Пока душит злость в зародыше и пытается спрятать ее обратно вглубь себя.

– Если тебе есть, что сказать, Тео, – голос Мари вдруг начинает звучать неожиданно резко, колко. – То говори.

Тео открывает глаза.

Мари улыбается.

Напряженно, ломано, убивающе неправильно.

Но опять улыбается.

Злость разгорается с новой силой, несется по венам сметающим все на своем пути пожарищем.

Тео не говорит.

Он просто берет Мари за плечо и трясет, не до боли, главное, не до боли…

Но тут ее кулак просто впечатывается в скулу Нотта.

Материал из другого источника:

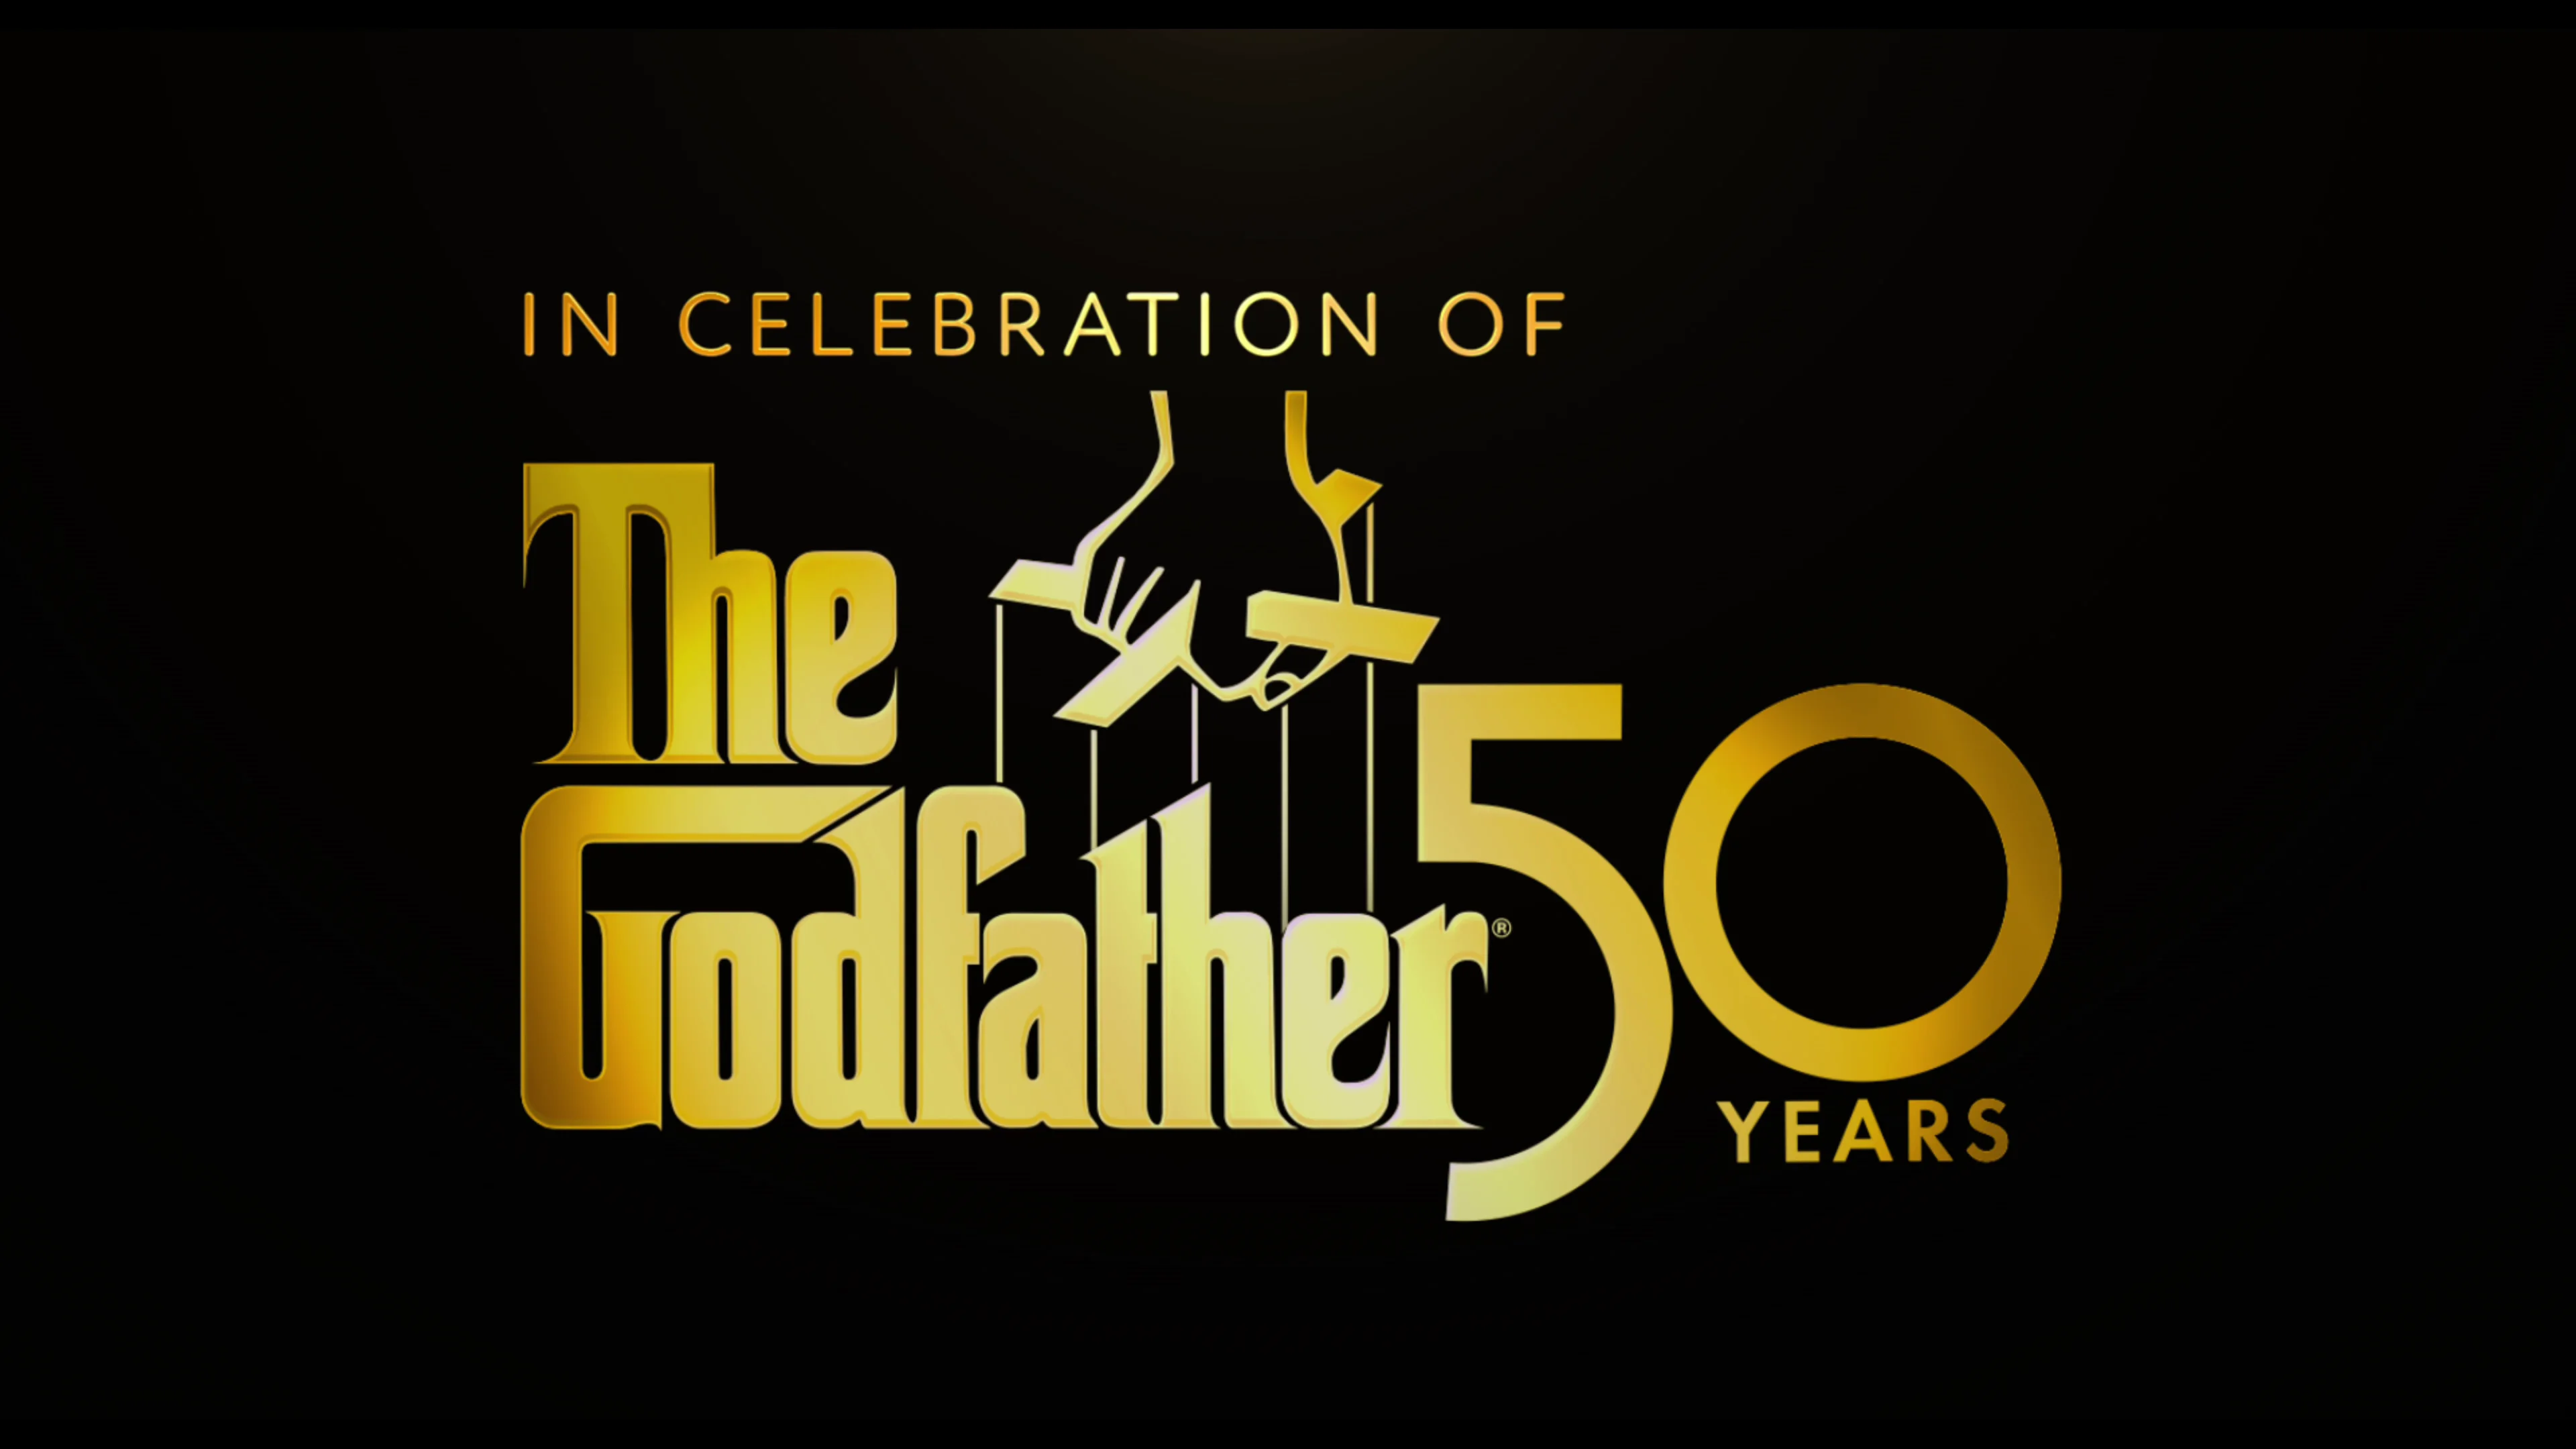 The Godfather 50th Anniversary, Franchise Trailer

Пошатываясь от неожиданности, тот отступает на шаг, другой.

Проводит рукой по разбитой губе и удивленно смотрит на свои перепачканные пальцы.

Тут же ему прилетает кулаком под дых.

Спустя несколько минут они стоят друг напротив друга, тяжелые дышащие, злые, потрепанные.

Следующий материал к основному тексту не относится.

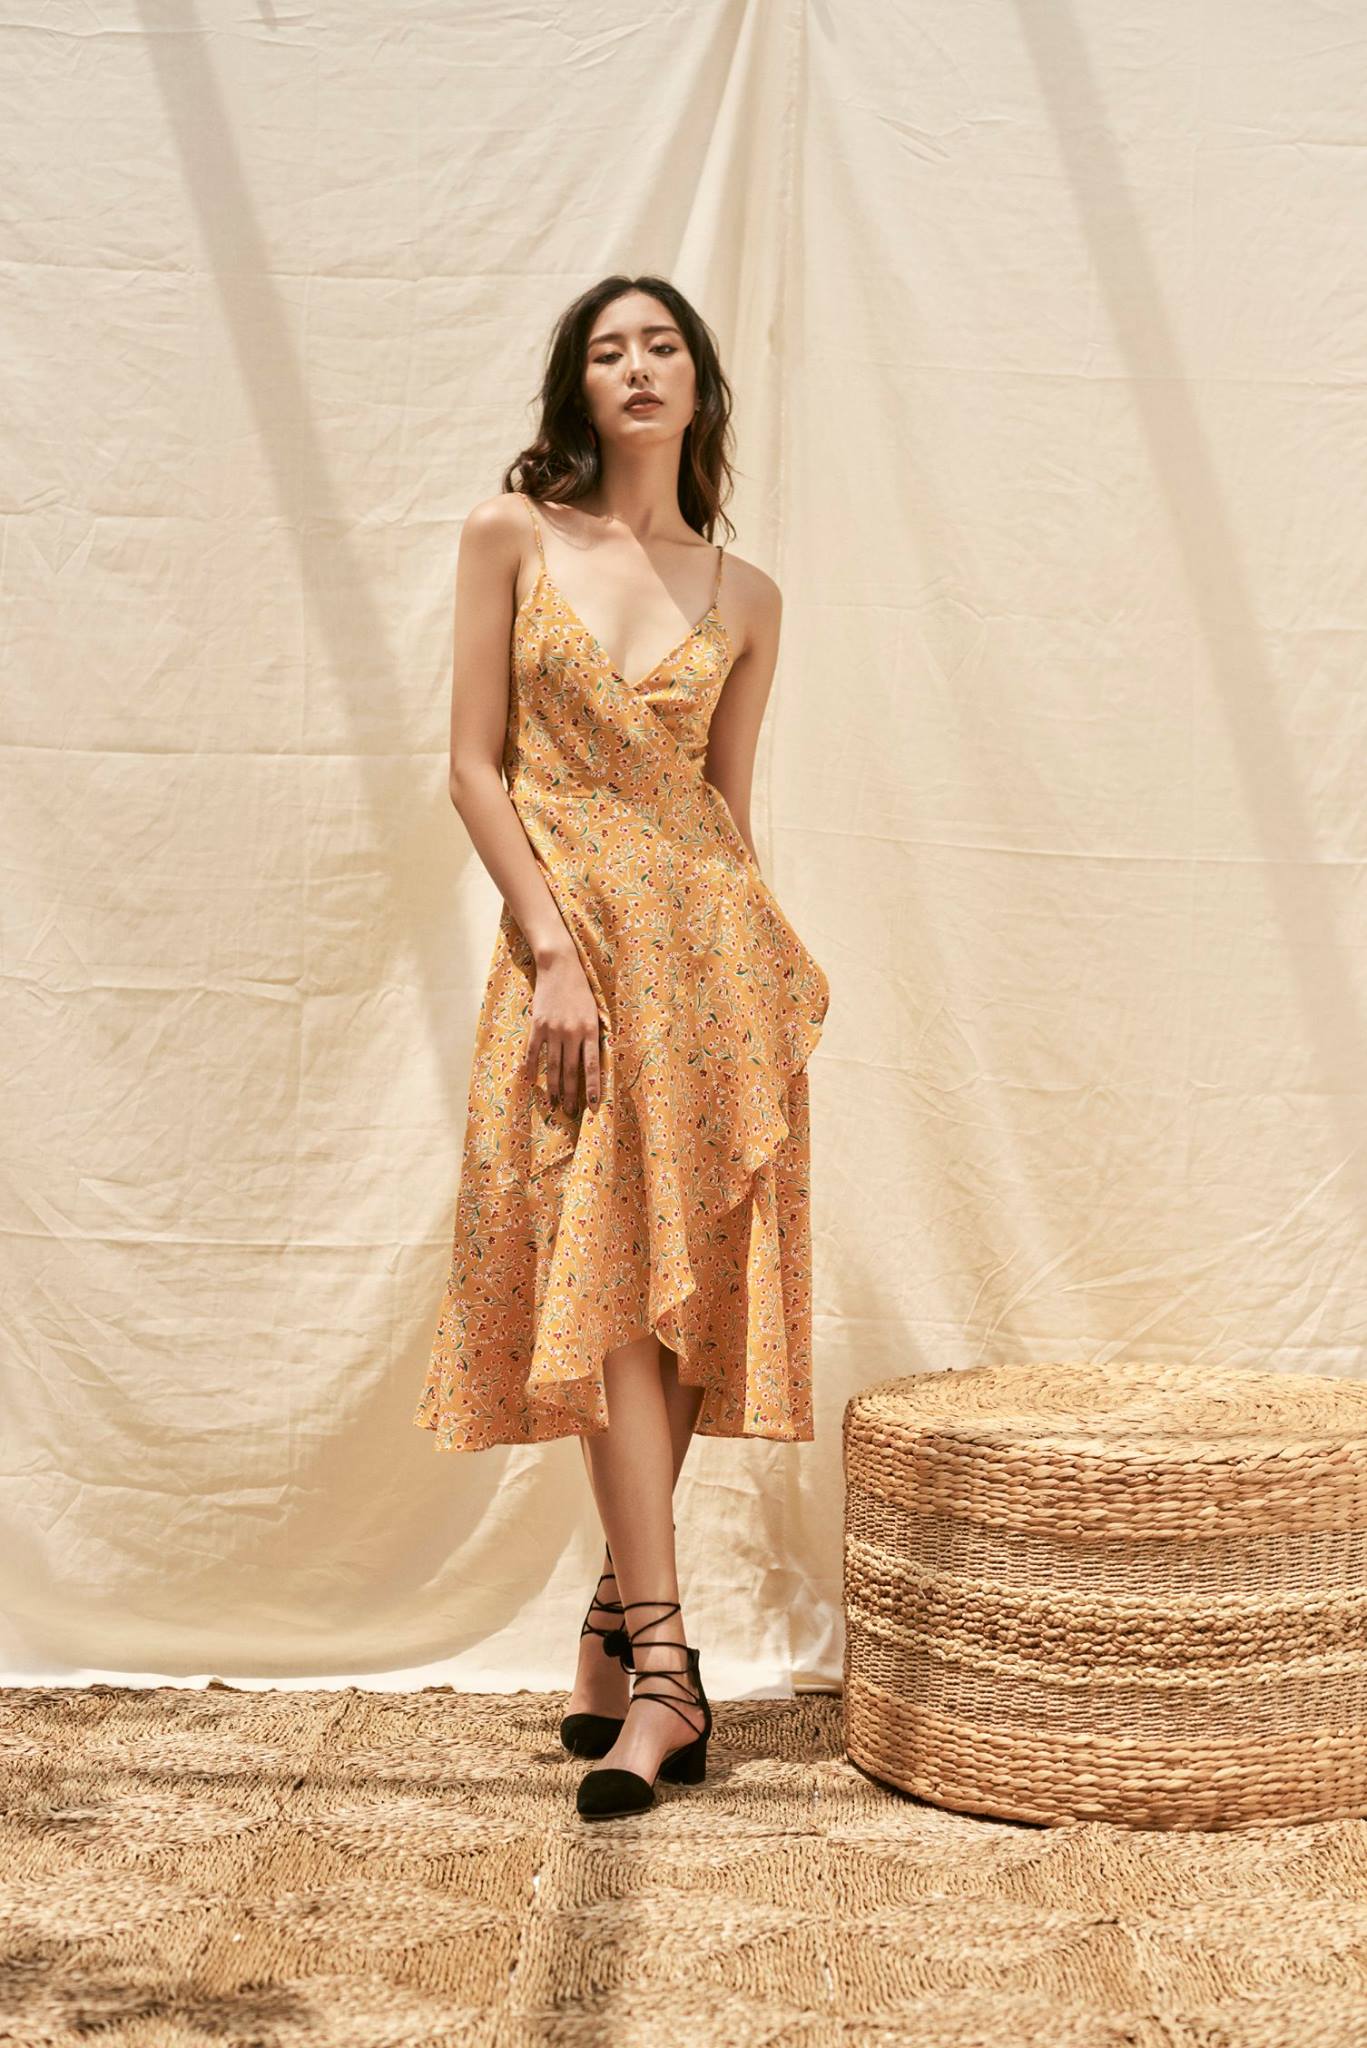 Yellow Floral Dress

Они смотрят друг на друга.

Смотрят.

Смотрят.

– Эм… – неуклюже тянет Мари, когда злость начинает отступать, оставляя после себя только вину и неловкость. – Ты знаешь хотя бы одно лечащее заклинание?

Гнев на лице Тео сменяется удивлением.

Он хлопает глазами раз.

Второй.

Третий.

И начинает хохотать.

Проходит секунда-другая – Мари начинает смеяться вслед за ним.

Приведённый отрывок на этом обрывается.